DBS induced changes in personal identity differ from DID, mainly because the latter seems to be the most extreme form of identity alterations and in DID, distinct identities exist in one body at the same time. Additionally, DBS induced personality changes are generally considered to be reversible, i.e. by turning off the stimulation or changing its parameters, and therefore more easily controllable. However, as noted above, the effects of prolonged DBS use are still not very well known, and that it is conceivable that this might lead to sustained changes of personality and behavior, even after terminating DBS. Also, we are aware of the controversy around DID [e.g. 55, 56], but this debate is beyond the scope of this paper.
A 5-point scale for responsibility (complete responsibility – slightly diminished responsibility – diminished responsibility – severely diminished responsibility – complete absence of responsibility) is used in forensic practice in the Netherlands.

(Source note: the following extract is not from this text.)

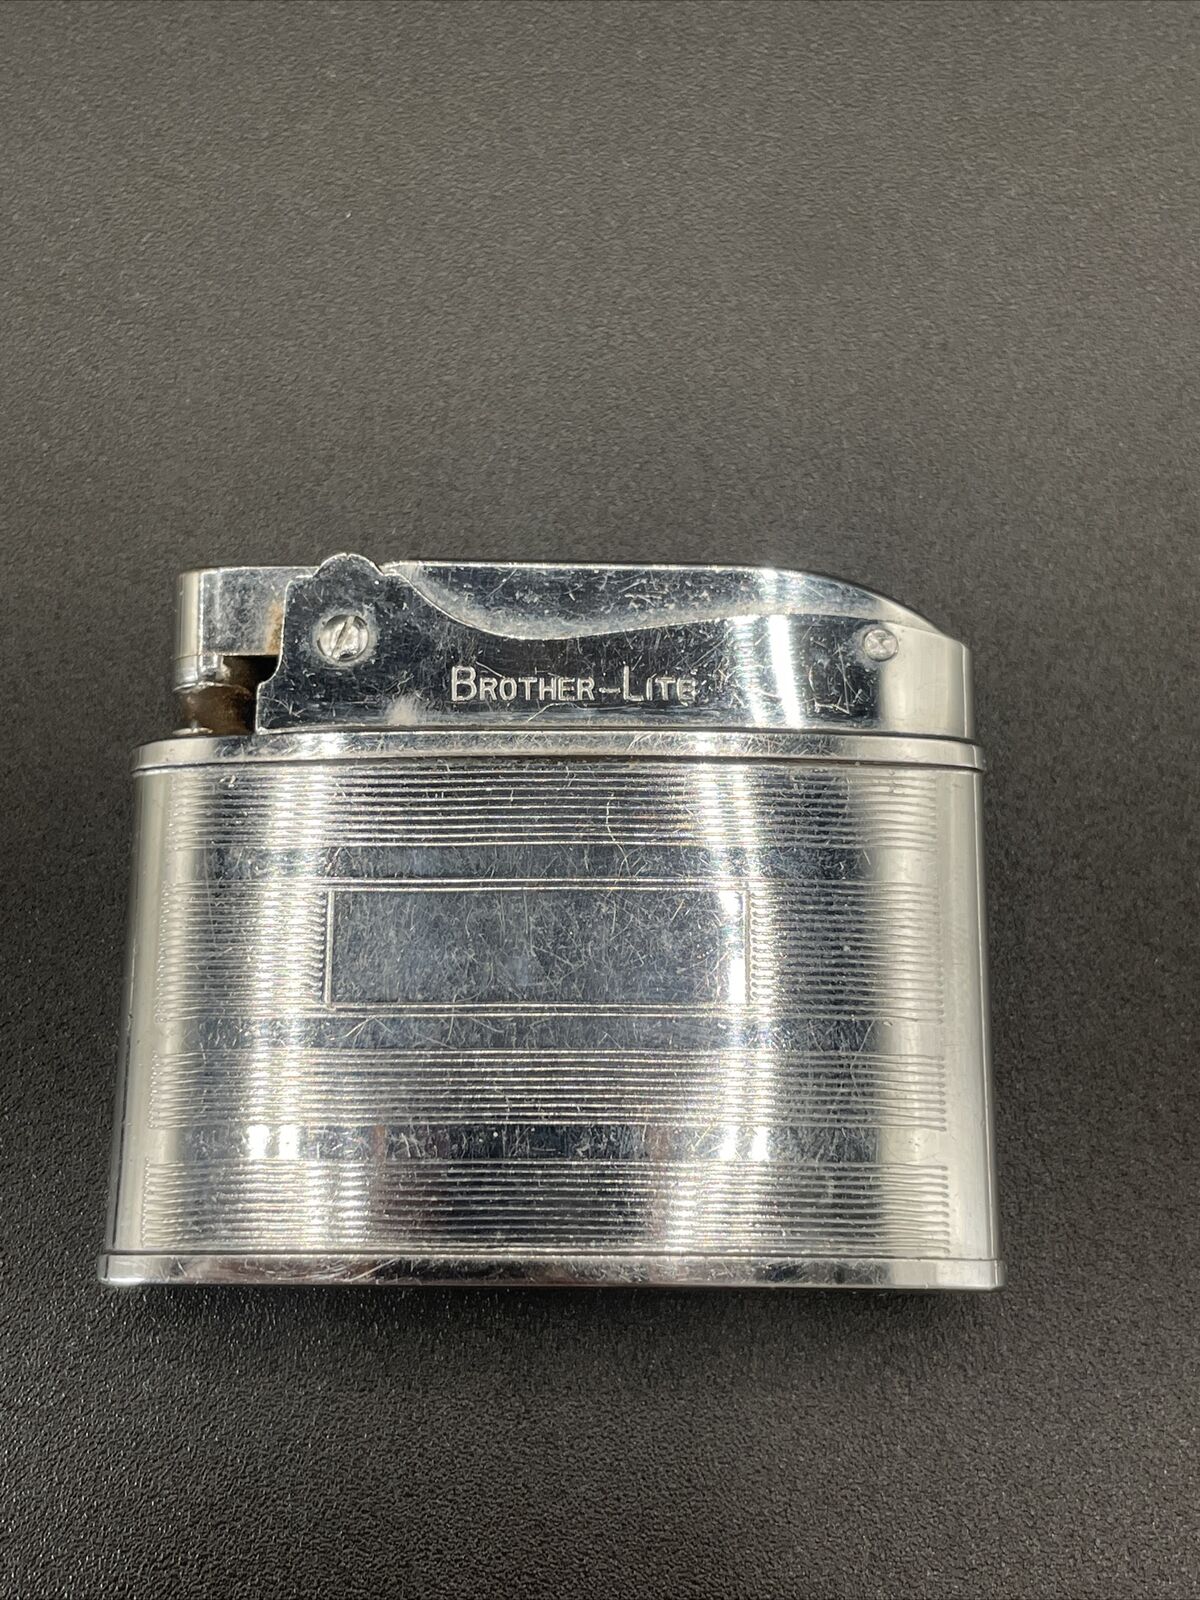 Vintage Brother-Lite Japan Gas Lighter

There is a distinction between knowing or remembering that I drank or had a headache and knowing or remembering the drinking or having the headache. From the description, it appears that Eve Black has (access to) both regarding the drinking and the first, declarative, but not the second, episodic type of memory regarding the headache. Eve White appears to have (access to) neither the declarative nor the episodic knowledge or memory of the drinking, but does have both for the headache.